I have a group that comes to my house. They are all experienced. They can use any tool.
I have a friend with an even better shop and when I go there I can use any tool.
Something breaks we all get in on the fix.
I have never had a power tool wear out because I let a friend use it.
I do not, as a general rule, let a power tool leave the shop.
But, my friends take care, are careful, and it is good to have someone back you up every now and then.

Works for us.

Lee

-- No piece is cut too short. It was meant for a smaller project.

View christopheralan's profile

christopheralan

1105 posts in 2323 days


#14 posted 1466 days ago

My shop, my tools. Period. I hate to be a back-side about it, but everyone knows the deal. My shop helps me make money, and I can’t afford to be without a tool due to someone making a mistake. There is also a liability in having other in my shop. I can’t pay for their medical bills if something were to happen. My friends and neighbors all know my stance on this subject and they all respect it, due to the fact that the rule applies to everyone. No exceptions.

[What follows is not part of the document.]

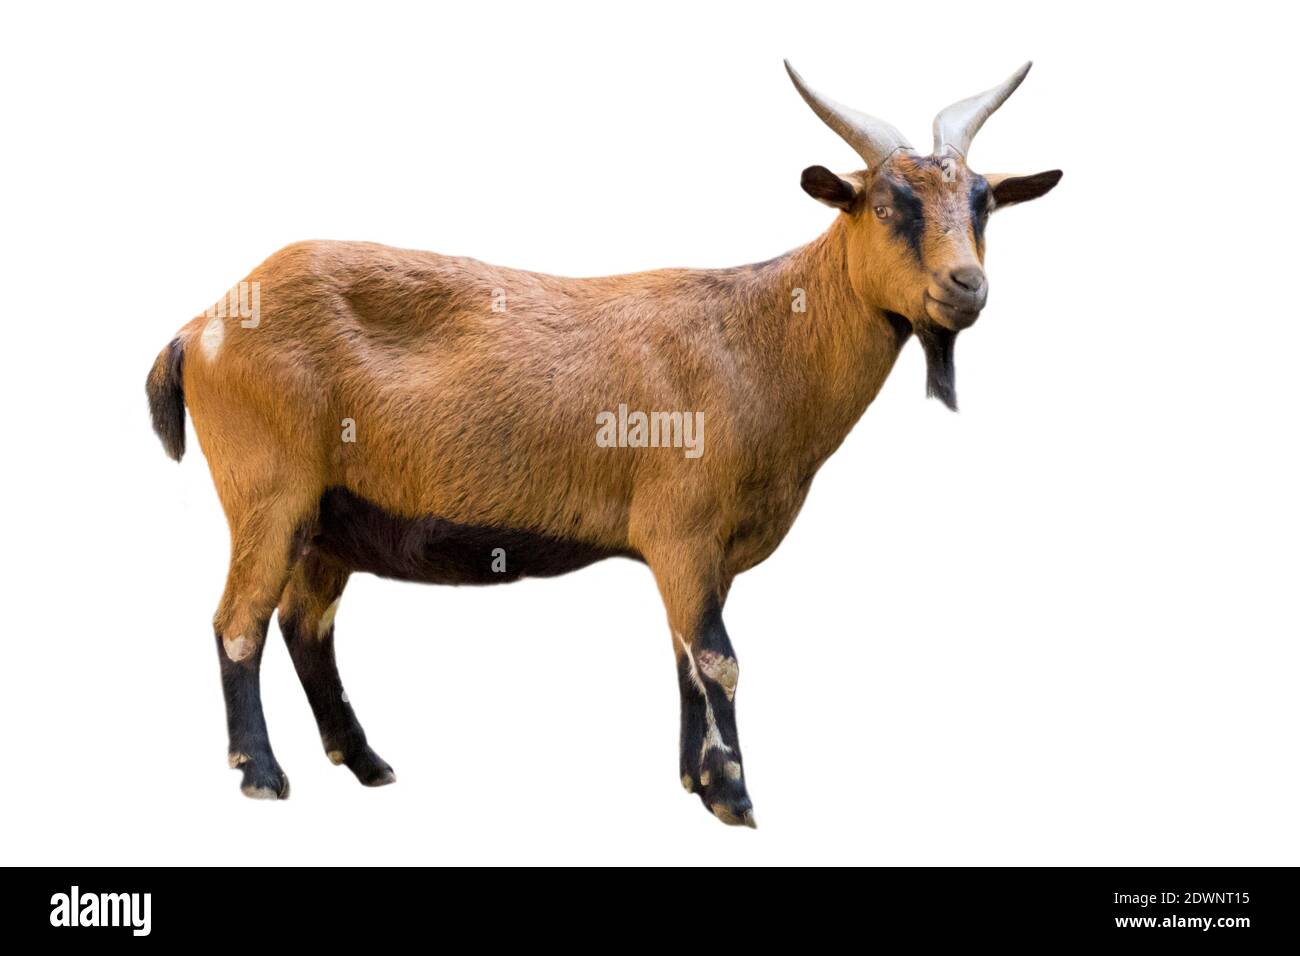 Image of a brown goat on white background. Farm Animals. Stock Photo

-- christopheralan http://www.projectwoodworks.com

View BTKS's profile

BTKS

1967 posts in 2067 days


#15 posted 1466 days ago

Just had a buddy see my shop the other day and bring up the topic of working up some boards there. I got a real uneasy feeling and wondered how I was going to handle it if he followed up with actually bringing out some boards.
I think this particular guy will replace anything he damages but it opens the precedent of, “he used the shop, why can’t I.”
Thanks for getting me thinking.
Milo and others, thanks for bringing up LIABILITY. As much as I hate the thought of having insurance companies and lawyers affect how I decide what to do with my tools it is reality. Money talks!
Later, BTKS

-- "Man's ingenuity has outrun his intelligence" (Joseph Wood Krutch)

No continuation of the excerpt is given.